Gen Hayden says they posed a security risk: they could expose the CIA interrogators shown on them to al-Qaeda reprisals.
The general also says that their contents had been documented in detail and they were not pertinent to any of the legal investigations and court cases that have requested from the CIA details of detainee interrogations.
And, says the CIA, all the interrogation techniques shown were legal.
The question for the CIA now will be this: will anybody - lawyers for detainees or human rights activists or congressional investigators or even just bloody-minded opponents of the Bush administration - be able to make a case that the CIA, by destroying the tapes, was destroying evidence?
The Center for Constitutional Rights (CCR) in New York has been one of the most dogged litigants in opposing the Bush administration's detention policies in the so-called War on Terrorism.
A spokeswoman for the CCR said that the videotapes would have been "directly pertinent" to litigation they had been involved in.
She said the CIA would have been aware of requests under the Freedom of Information Act for such materials when they destroyed them.
"The CIA blatantly lied during pending litigation," she said.
The Senate Intelligence Committee has said it will investigate.
The Democratic presidential contender, Hillary Clinton, said she would be "looking into it vigorously", and to find out "what the CIA was trying to protect".
The controversy comes at an unfortunate moment for Gen Hayden.
In Washington, a sense is just taking hold that intelligence reform is beginning to bite, and the spy agencies have begun shaking off the embarrassments, analytic failures and low morale of recent years.
Water boarding: prisoner bound to a board with feet raised, and cellophane wrapped round his head.
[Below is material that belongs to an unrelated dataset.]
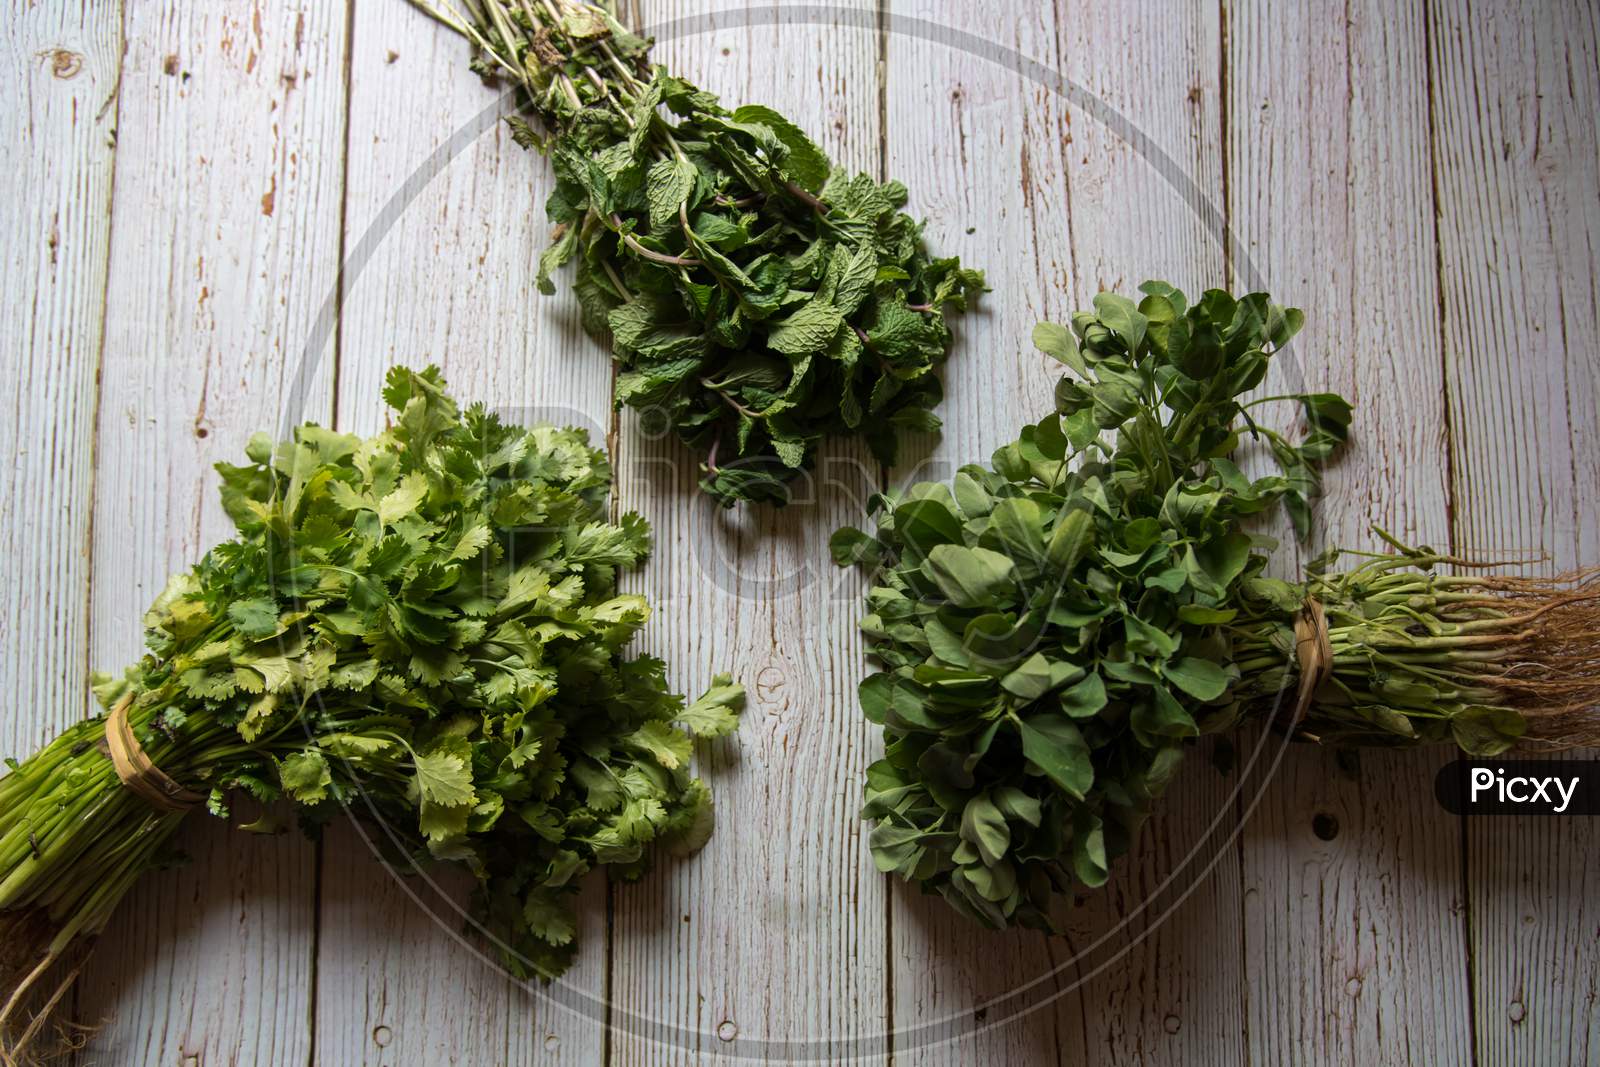 Top view of fresh aromatic herbs on wooden background.

Water is poured onto his face and is said to produce a fear of drowning
Cold cell: prisoner made to stand naked in a cold, though not freezing, cell and doused with water
Standing: Prisoners stand for 40 hours and more, shackled to the floor
Belly slap: a hard slap to the stomach with an open hand. This is designed to be painful but not to cause injury
Source: ABC News
The recent National Intelligence Estimate on Iran - which upended the Bush administration's assertions that Tehran is actively seeking a nuclear weapon - has been taken as evidence of a newly invigorated ability to "speak truth to power".
"The intelligence agencies are showing a renewed professionalism," one military intelligence officer said to me recently.
"They're refusing to accept political interference and are saying what they think."
Another source with close links to the intelligence community said: "It's a process which you've seen in the military under [Robert] Gates [the defence secretary], and it's now happening in the intelligence agencies."
It was, he said, connected to the "waning power of the Bush presidency".
Many in America's national security establishment will be disappointed if the arduous rebuilding of the CIA's credibility is interrupted, or if Gen Hayden's position is undermined because of decisions which were not taken on his watch.
Nonetheless, it appears that the agency has another unpredictable and potentially damaging controversy on its hands.
One final question to ponder: are there other videotapes of interrogations, which were not destroyed? And what would it take to get them released?